A while back, I tackled this post and got everything up and running:
http://evilrouters.net/2009/08/21/getting-bgp-routes-into-dynamips-with-video/
First of all, thanks to evilrouters.net for figuring out the hard parts so we could build this into a VM. After basking for a while in the high geek factor of this project, it gave me an idea to build a VM that could be distributed among network engineers and IT professionals. The idea is to easily spin up one or more full BGP tables to test a particular network design or convergence speed, playing with BGP attributes, etc. After a few months of tweaking it and getting the VM ready for distribution, we finally are ready to put it out for everyone to use.
Network Diagram
Here is an overview of the topology we used for testing our full BGP table. This can be done a number of different ways and you can use just about any combination of Hypervisors including VM Ware and VirtualBox which are the two downloads included in this post. In this setup, we are using a MikroTik x86 VM to peer into the Ubuntu VM that has copies of the global table. It established an EBGP peering over 10.254.253.0/24 and takes in a full table.
Getting started
First you need to download either the VM Ware or VirtualBox OVA files and import them into your hypervisor. The setup and installation of VM Ware ESXi or VirtualBox is beyond the scope of this post, so please google it if you need help.
Downloads
Powering up the VM
Once you have successfully imported the VM, you will get a screen that looks like this:
Credentials
Here are the credentials which you can change if needed.
username: bgpuser
password: bgpuser
sudo password: bgpuser
Bridging the VM NIC to your lab network
In order to have IP connectivity to another router (physical or virtual) you will need to setup the VM NIC to connect to the network you want to test on. There are a number of different ways to connect VMs into a virtual or physical network.
VM Ware – we connected the VM to the default VM management network (which is a physical server NIC) so it could reach other VMs and physical lab routers
VirtualBox – we bridged the VM to the NIC of the desktop we are running VirtualBox on so it could reach other VMs and physical lab routers
BGP Feeds that are used in this VM
The BGP feeds that are available come from the RIPE RIS Raw Data page and were archived in January 2016. We included 6 different tables from 4 continents so you can have up to 6 unique BGP tables to use in your lab testing.

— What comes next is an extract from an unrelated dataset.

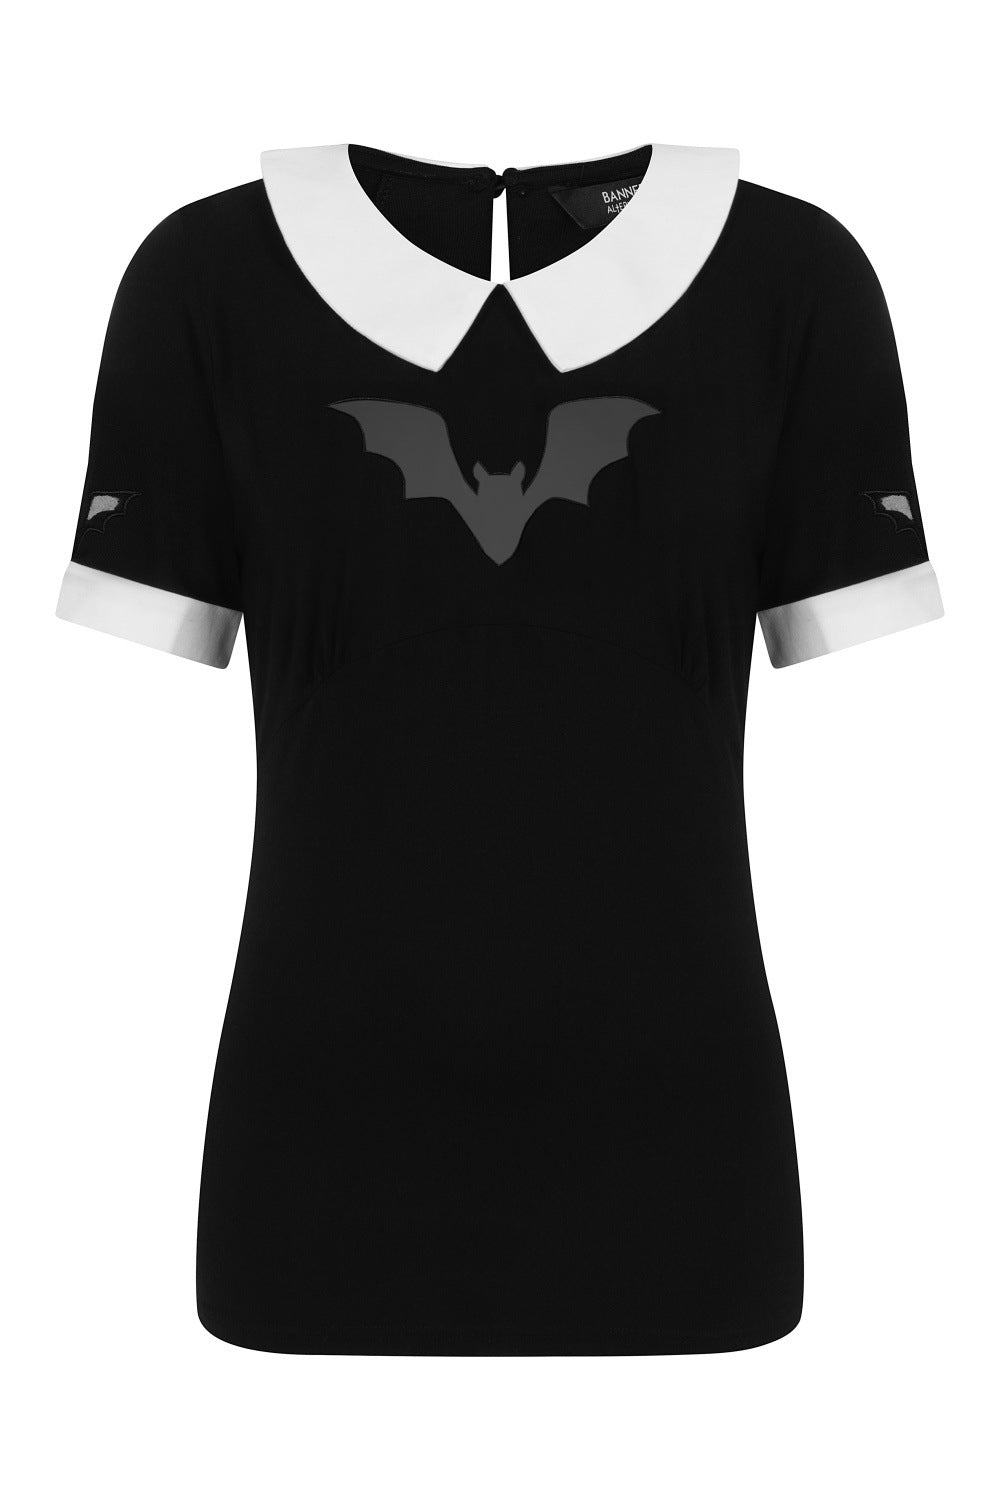 Black top with contrast collar and mesh bat panel

See the next section for the syntax to use for one of these files.
RIPE RRC | File Name |
---|---|
rrc00.ripe.net | ISP1-Europe-Amsterdam-Jan-2016 |
rrc01.ripe.net | ISP2-Europe-London-Jan-2016 |
rrc06.ripe.net | ISP3-Asia-Tokyo-Jan-2016 |
rrc15.ripe.net | ISP4-SouthAmerica-SaoPaulo-Jan-2016 |
rrc11.ripe.net | ISP5-NorthAmerica-NewYork-Jan-2016 |
rrc14.ripe.net | ISP6-NorthAmerica-PaloAlto-Jan-2016 |
Important Note !!!! – Using this VM does not provide connectivity to the Internet and will likely cause an outage when connected to a production network with live BGP peerings. This VM is intended to simulate an upstream peering for testing and lab development.

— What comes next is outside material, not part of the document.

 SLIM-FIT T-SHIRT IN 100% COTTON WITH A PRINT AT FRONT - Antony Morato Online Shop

Setting up a BGP peering – BGP VM
Once you have IP connectivity and can ping the router you want to peer with, you can set up a peering on the VM. Here is the command syntax – first change to the bgp directory and issue the command below (with edits for your IPs and AS numbers)
bgpuser@Full-BGP-Global-Table-VM:~$ cd bgp bgpuser@Full-BGP-Global-Table-VM:~/bgp$ sudo ./bgp_simple.pl -myas 65000 -myip 10.254.253.112 -peerip 10.254.253.75 -peeras 65051 -p ISP1-Europe-Amsterdam-Jan-2016
Options for the BGP Peering (using the program bgp_simple ver 0.12)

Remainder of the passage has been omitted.